Optional Payload Parameters
-d,--days (int) Number of days ago to get the metrics, default is 7
-s,--start (string) UTC datetime in '%Y-%m-%dT%H:%M:%S' format
-e,--end (string) UTC datetime in '%Y-%m-%dT%H:%M:%S' format, default is current time. -s/--start required for this option.
- Nexla API
- Nexla CLI
{
"status": 200,
"metrics": {
"1539970426049": {
"records": 1364,
"size": 971330,
"errors": 0
},
"1539990426049": {
"records": 330,
"size": 235029,
"errors": 0
}
}
}
Date (UTC) Records Volume (Bytes) Errors
------------ --------- ---------------- --------
2020-04-21 9 12598 0
Granular Write Status Metrics
Apart from aggregated write metrics methods above that provide visibility into total number of records and total volume of data written out over a period of time, Nexla also provides methods to view granular details about data write events.
You can retrieve data write status of a file destination to find information like how many files have been written out fully, or are queued for being written out.
- Nexla API
GET /data_sinks/6745/metrics/files_stats
...
Optional Parameters
{
"from": <UTC datetime in '%Y-%m-%dT%H:%M:%S' format>,
"to": <UTC datetime in '%Y-%m-%dT%H:%M:%S' format>,
"status": "one of NOT_STARTED/IN_PROGRESS/COMPLETE/ERROR/PARTIAL"
}
- Nexla API
{
"status": 200,
"metrics": {
"data": {
"COMPLETE": 17
},
"meta": {
"currentPage": 1,
"totalCount": 1,
"pageCount": 1
}
}
}
You can view write status and history per file of a file destination. The file destination write history methods below return one entry per file by aggregating all write events for each file.
- Nexla API
- Nexla CLI
/data_sinks/<data_sink_id>/metrics/files
...
Optional Parameters
{
"from": <UTC datetime in '%Y-%m-%dT%H:%M:%S' format>,
"to": <UTC datetime in '%Y-%m-%dT%H:%M:%S' format>,
"status": "one of NOT_STARTED/IN_PROGRESS/COMPLETE/ERROR/PARTIAL",
"page": <integer page number>,
"size": <number of entries in page>
}
nexla destination write-stats <destination_id> [options]
...
options
-d,--days (int) Number of days ago to get the metrics, default is 7
-s,--start (string) UTC datetime in '%Y-%m-%dT%H:%M:%S' format
-e,--end (string) UTC datetime in '%Y-%m-%dT%H:%M:%S' format, default is current time. -s/--start required for this option.
- Nexla API
- Nexla CLI
{
"status": 200,
"metrics": {
"data": [
{
"dataSetId": 11429,
"size": 7750996,
"writeStatus": "COMPLETE",
"sinkId": 6745,
"recordCount": 285,
"name": "/nexlatests/dataout/rel22/anyof/1/dataset-11429-000000000000.json",
"id": null,
"lastWritten": "2019-08-16T20:57:49Z",
"runId": 1565912396852,
"error": null
}
],
"meta": {
"currentPage": 1,
"totalCount": 1,
"pageCount": 1
}
}
}
File Name Size Records Status Dataset ID Last Written (UTC)

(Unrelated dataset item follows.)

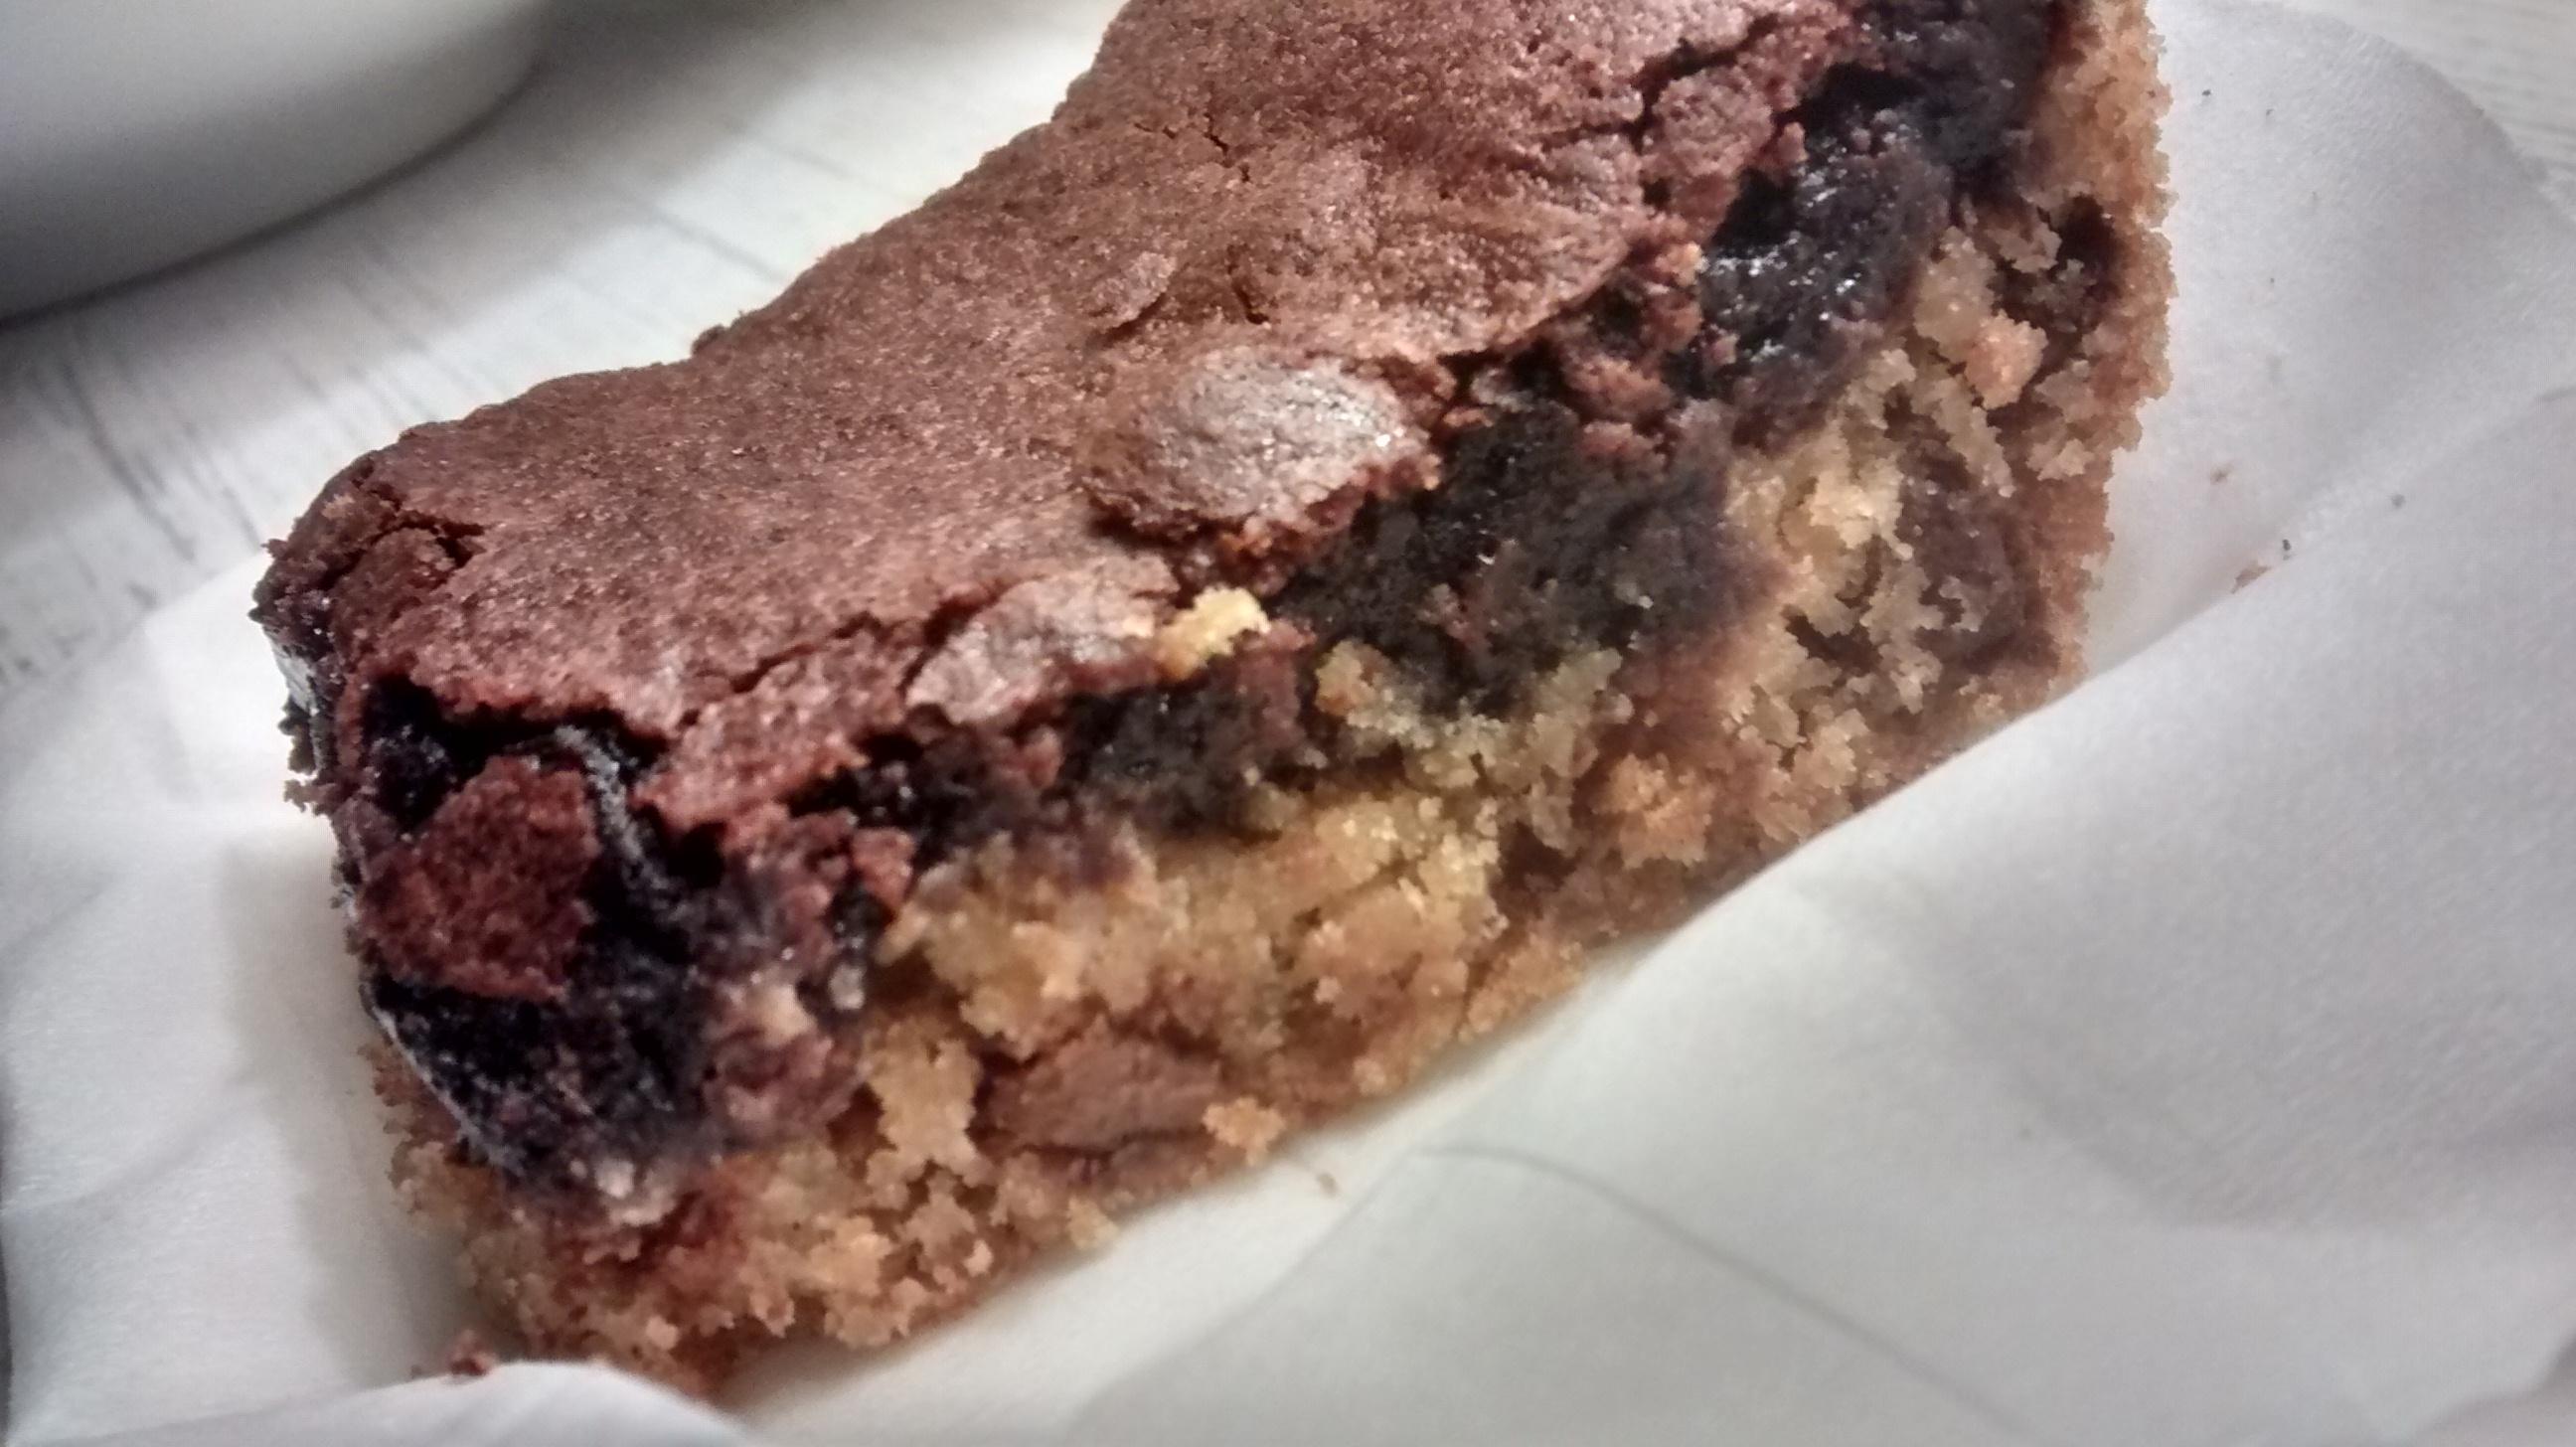 Brookies (Brownie Cookies)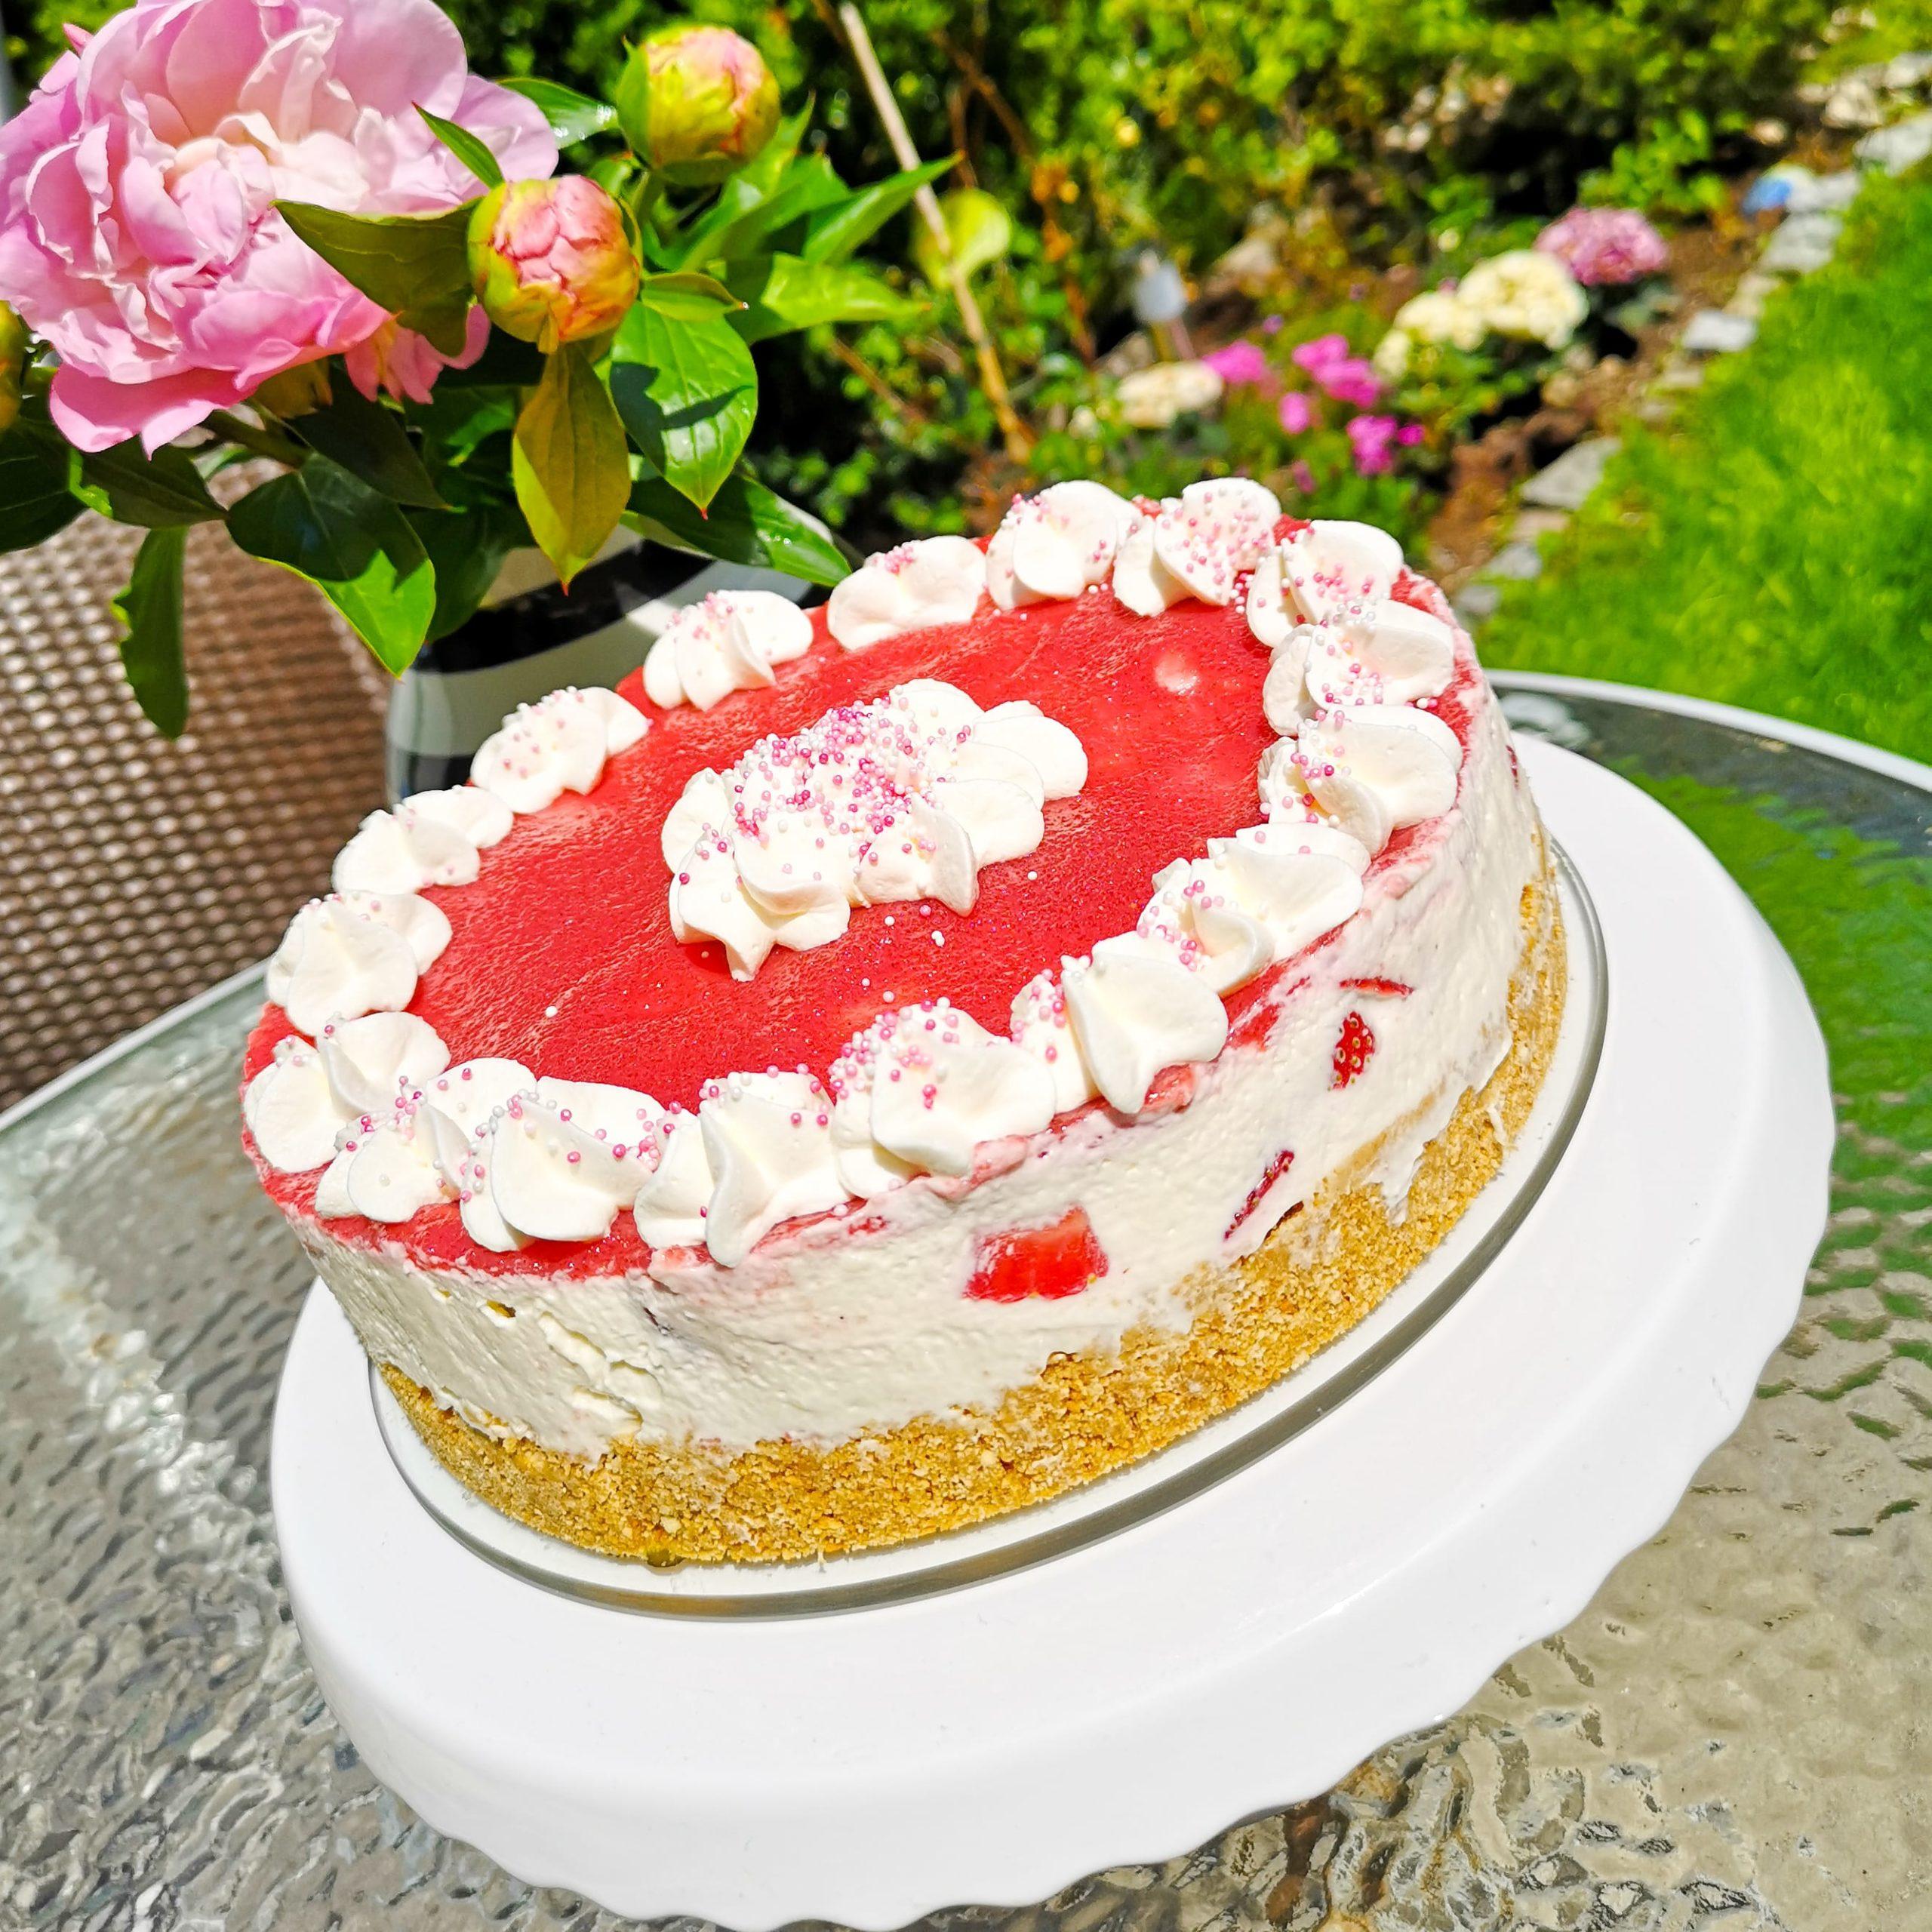 Schnellster No-Bake Erdbeer-Cheesecake

-------------------- ------- --------- -------- ------------ ---------------------
/files/demo-1.csv 501689 792 COMPLETE 7751 2019-05-03T21:57:25Z
/files/demo-2.csv 2789267 4383 COMPLETE 7751 2019-05-03T21:57:22Z
You can also bypass per file aggregation and fetch full ingestion history of each file even if it was written out multiple times. This is relevant for scenarios where the destination has been configured to write out the same file name in every ingestion cycle
- Nexla API
GET /data_sinks/<data_sink_id>/metrics/files_raw
...
Optional Parameters
{
"from": <UTC datetime in '%Y-%m-%dT%H:%M:%S' format>,
"to": <UTC datetime in '%Y-%m-%dT%H:%M:%S' format>,
"status": "one of NOT_STARTED/IN_PROGRESS/COMPLETE/ERROR/PARTIAL",
"page": <integer page number>,
"size": <number of entries in page>
}
- Nexla API
{
"status": 200,
"metrics": [
{
"dataSetId": 11429,
"size": 7750996,
"writeStatus": "COMPLETE",
"sinkId": 6745,
"recordCount": 285,
"name": "/nexlatests/dataout/rel22/anyof/1/dataset-11429.json",
"id": null,
"lastWritten": "2019-08-16T20:57:49Z",
"runId": 1565912396852,
"error": null
},
{
"dataSetId": 11429,
"size": 7750996,
"writeStatus": "COMPLETE",
"sinkId": 6745,
"recordCount": 285,
"name": "/nexlatests/dataout/rel22/anyof/1/dataset-11429.json",
"id": null,
"lastWritten": "2019-08-15T20:57:49Z",
"runId": 1565912396852,
"error": null
}
]
}
Other Monitoring Events
See the section on Monitoring resources for method to view destination errors, notifications, quarantine samples, and audit logs.